Just as a heads up, we've cleared the issue with the server and have been providing all our downloads since then without a hitch.

Working on the Giga version now :D


----------



## Will Roget (Jun 14, 2007)

Hey guys -

Impact: Steel is now available for Giga 3! Soon available in Kontakt 1 and Halion as well.

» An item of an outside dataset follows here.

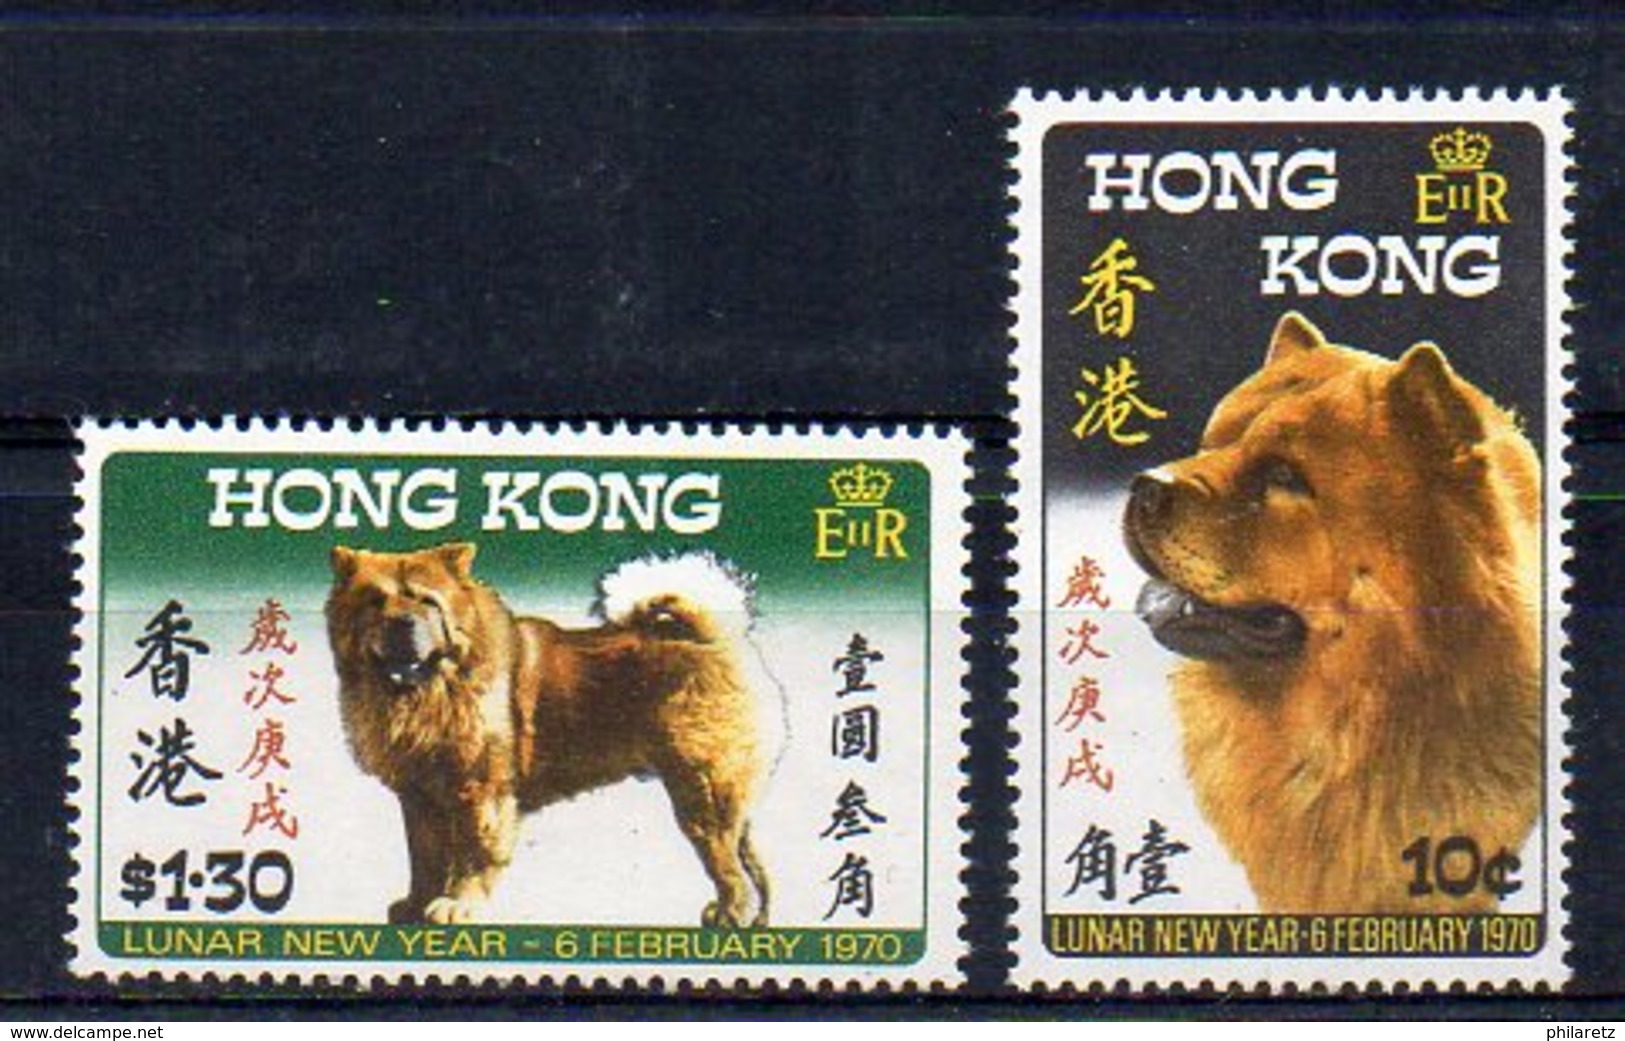 Hong Kong N° 244 Et 245 Neufs ** - Année Du Chien / Dog New Year - Cote (Y&T 2008) : 80€ - Unused Stamps

http://www.impactsteelsounds.com/purchase.htm


Also, I was interviewed by CreateDigitalMusic.com in a segment where I'll be talking about my inspiration for putting together I:S, what goes into sample development, and so on. I'll post a link when it goes online.


----------



## Will Roget (Jun 20, 2007)

CreateDigitalMusic interview has been posted:


http://createdigitalmusic.com/2007/06/2 ... -roget-ii/


Enjoy!


----------



## Ed (Jun 21, 2007)

Hey Will, I really like the sound, ever thought of recording some Battlestar Galactica style percussion? I dont have True Strike 2 yet but even then I would love to have more options. Theres this cool jangly cymbaly sound that would be great to have. And of course it would be cool to have more than 1 takio :D


----------



## Will Roget (Jul 1, 2007)

Impact: Steel now released for Halion 3 and Kontakt 1!

http://www.impactsteelsounds.com/purchase.htm


----------



## Ed (Jul 2, 2007)

Hey Will, how long you think for Giga3 version?


----------



## Bo Clausen (Jul 2, 2007)

Ed @ Mon Jul 02 said:


> Hey Will, how long you think for Giga3 version?


Hey Ed

The Giga3 version was released 14 jun - look 4 post earlier.

Regards
Bo


----------



## Ed (Jul 2, 2007)

yey!


----------



## Rodney Glenn (Jul 4, 2007)

Will,

Sounds great. Cool stuff.  

R


----------



## Christian Marcussen (Oct 21, 2007)

Considering a sale? Garage sale perhaps?


----------



## germancomponist (Oct 26, 2007)

Jus downloaded... . Hey, they are very usuable and coooool!

Thanks

Gunther


----------



## Ned Bouhalassa (Nov 15, 2007)

Does anyone know if Will is around? I bought the download version earlier today and never got an email with a link, even after emailing him.


----------



## Ned Bouhalassa (Nov 16, 2007)

bump...


----------



## Craig Sharmat (Nov 16, 2007)

keep bumping


----------



## Ned Bouhalassa (Nov 16, 2007)

Actually, I just heard from someone that he's out of his town for a few days. I'm sure I'll hear from him soon.

It *is* fun to bump though. Reminds me of my high-school daze:


----------



## Ned Bouhalassa (Nov 18, 2007)

Will came back and sent me the d/l link: WOW, great library! Excellent sound and programming. Perfect for any action or moody cue. I'll be all over it in the next few weeks... :mrgreen:


----------



## Craig Sharmat (Nov 18, 2007)

thanks for the update, I am thinking of getting this.


----------